61. Community-acquired pneumonia: treatment
Empiric therapy for pneumonia based on recommendations by the WHO (2000).
Patients with community-acquired pneumonia are categorized into 4 groups because a different microbiologic spectrum is suggested in each group to choose the initial empiric therapy the most effectively.

62. Community-acquired pneumonia: treatment
A. The 1st major category includes outpatients aged 60 years or younger without comorbidity.
Antibiotic treatment with one of the newer macrolides (clarithromycin or azithromycin) is advised.

63. Community-acquired pneumonia: treatment
B. The 2nd group combines community-acquired pneumonias occurring in outpatients with comorbidity or age 60 years or older.
The recommended therapy is
a 2nd-generation cephalosporin (cefuroxime), or
a beta-lactam + a beta-lactamase inhibitor (amoxicillin-clavulanate), or
a newer fluoroquinolone (levofloxacin or moxifloxacin).

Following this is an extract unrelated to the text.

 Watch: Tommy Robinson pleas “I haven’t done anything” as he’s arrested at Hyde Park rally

64. Community-acquired pneumonia: treatment
C.Community-acquired pneumonia requiring hospitalization
The recommended therapy is
a 2nd-generation cephalosporin (cefuroxime), or
a 3rd-generation cephalosporin (ceftriaxone), or
amoxicillin-clavulanate.
Combination therapy is advised with 2nd- or 3rd-generation cephalosporin + macrolide

65. Community-acquired pneumonia: treatment
D. Severe community-acquired pneumonia requiring ICU care
Combination therapy is advised with
a macrolide plus a 3rd-generation cephalosporin (eg, ceftazidime), or
triple therapy with
(1) ceftazidime or carbapenem +
(2) amikacin +
(3) macrolide or fluoroquinolone (ciprofloxacin)

66. Nosocomial pneumonia: treatment
Nosocomial pneumonia remains a prevalent hospital-acquired infection.

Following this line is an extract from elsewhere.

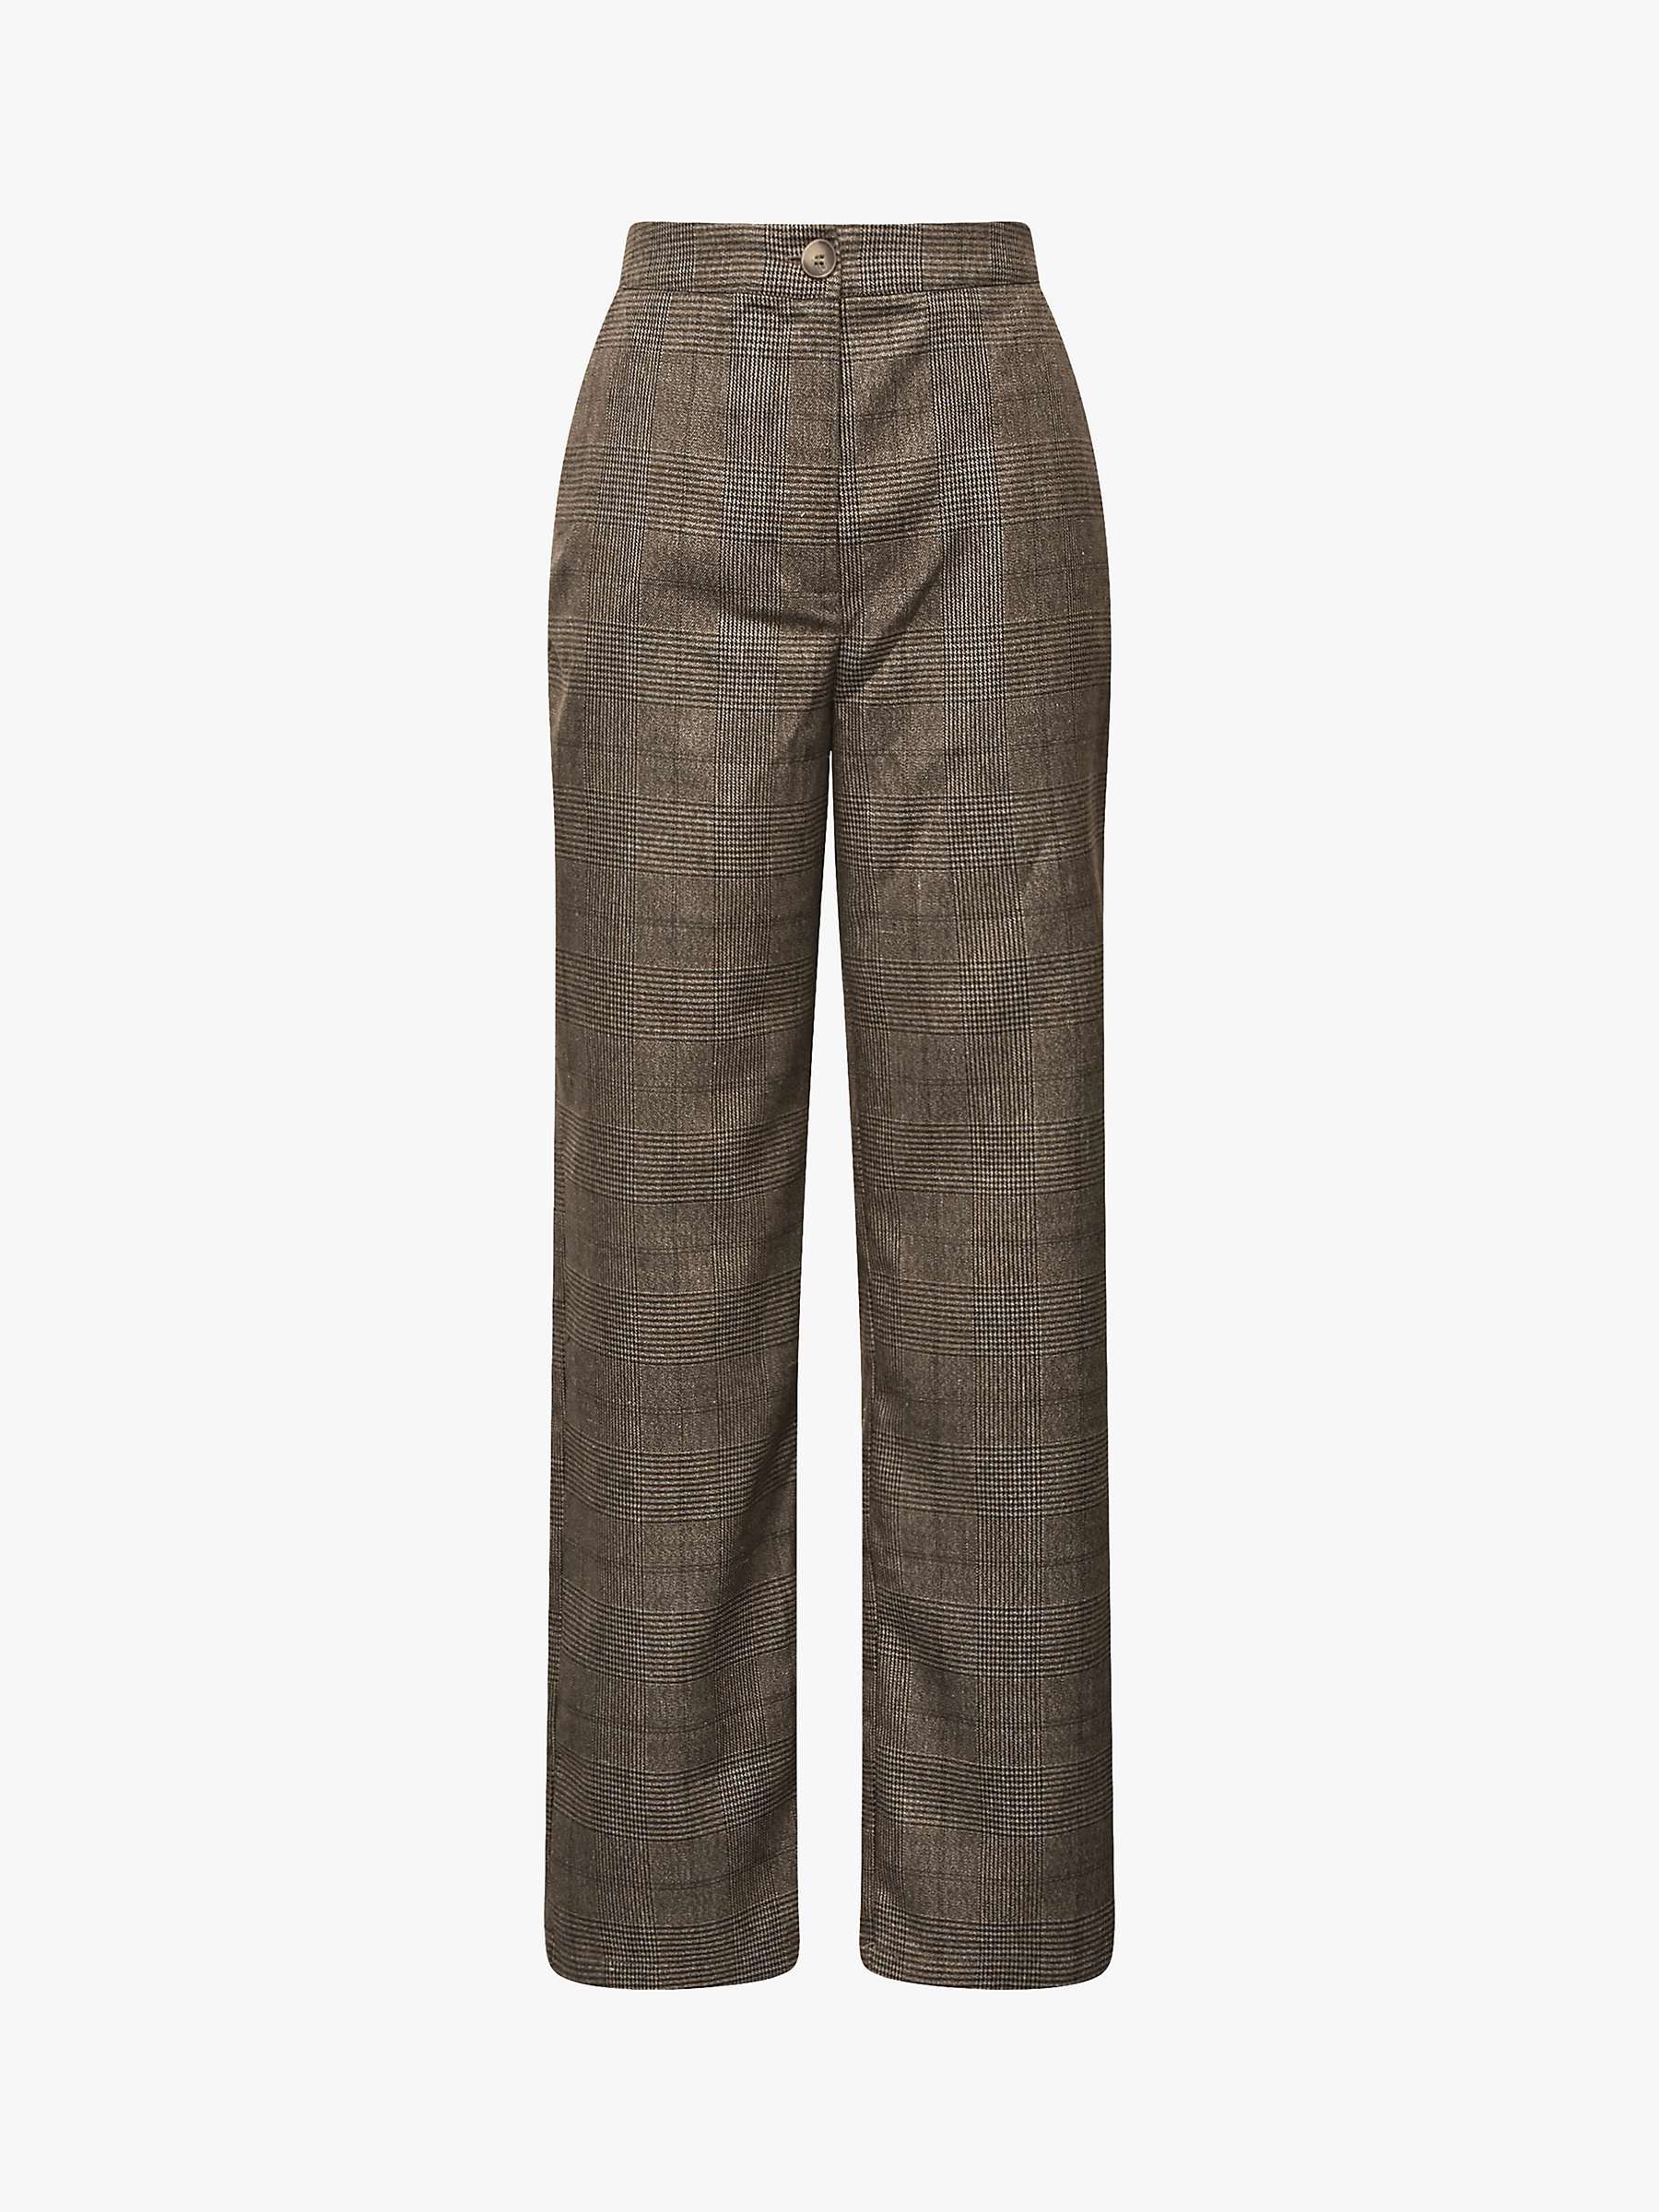 Buy A-VIEW Annali Check Wide Leg Trousers, Brown Online at johnlewis.com

67. Severe nosocomial pneumonia: treatment
The possible combinations are
one of the following:
(1) aminoglycoside or ciprofloxacin +
+ (2) amoxicillin-clavulanate, or
ceftazidime, or
imipenem+vancomycin

68. Pneumonia is not treated with gentamycin or penicillin!
NB!
Pneumonia is not treated with gentamycin or penicillin!

69. Telithromycin (KETEK) is first antibiotic in a new class called ketolides.
It keeps active against gram-positive cocci in the presence of resistance. Indicated to treat mild-to-moderate community-acquired pneumonia, including infections caused by multidrug-resistant S. pneumoniae.